Statistical Analysis
In the simulation study, automated BSI values were obtained for all the simulated bone scans and compared with the known standard, the phantom BSI, to assess analytic accuracy and precision. A linear regression model and Pearson correlation testing were used to evaluate the accuracy of the automated BSI values compared with the phantom BSIs for the first set of 50 simulated bone scans.

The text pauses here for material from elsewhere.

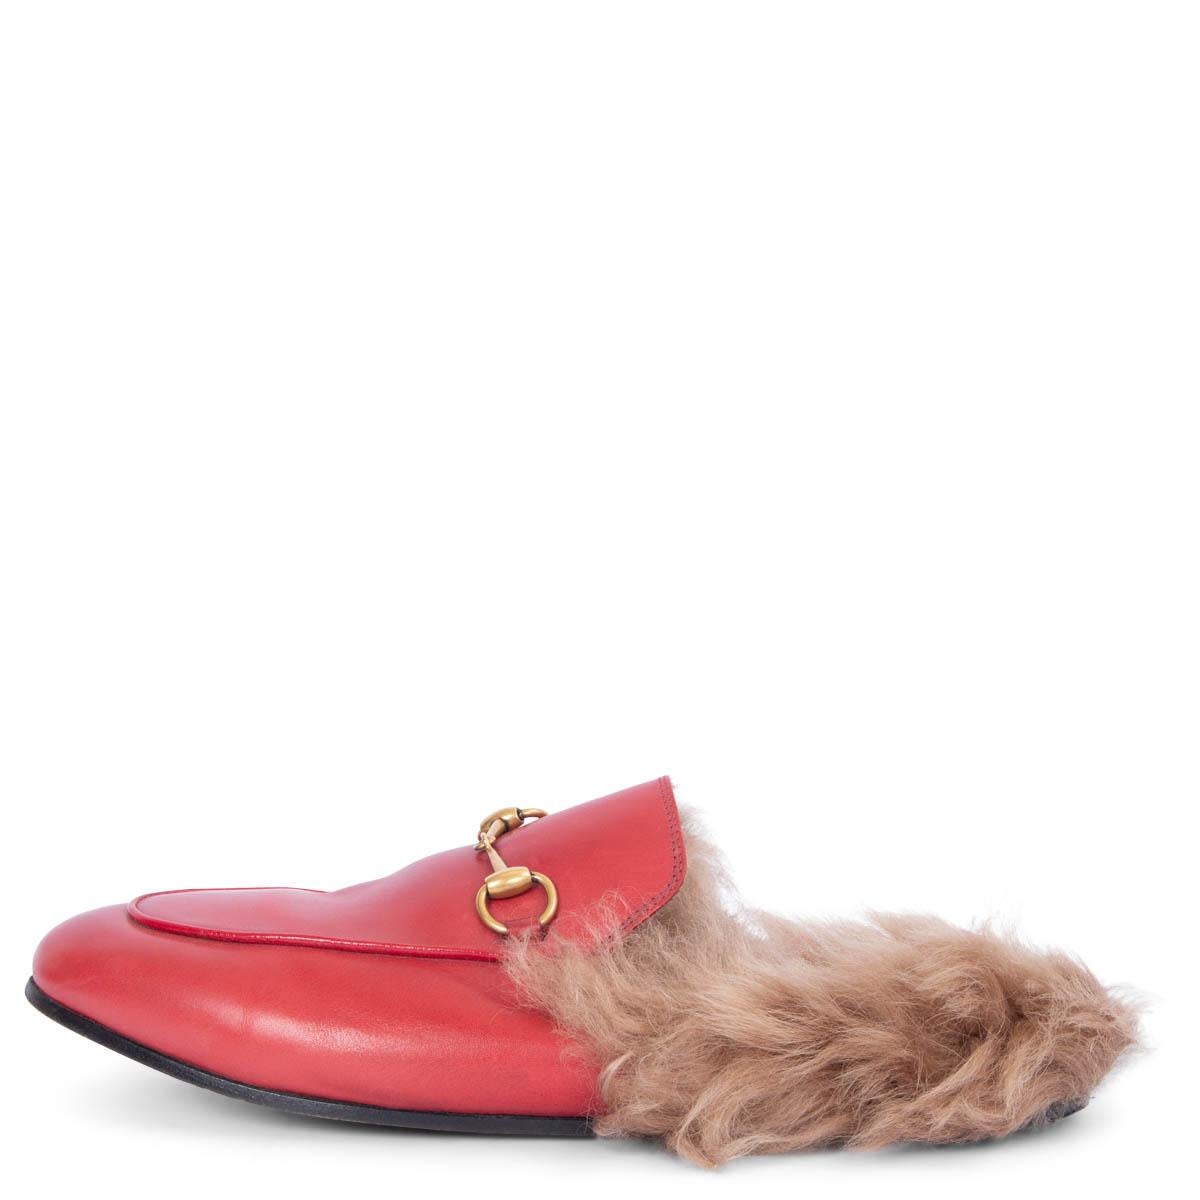 Women's GUCCI red leather FUR TRIM PRINCETOWN Slippers Flats Shoes 38

To confirm the method linearity, we tested the assumptions regarding residuals normality (Shapiro–Wilk test) and the method’s homoscedasticity. Once the linear model was confirmed, the linear regression parameters were estimated, including a correlation coefficient (r), at a 95% confidence interval. In the second set of 50 simulated bone scans, the coefficient of variation and SD were used to determine the precision of the automated BSI at 5 different levels of the phantom BSI.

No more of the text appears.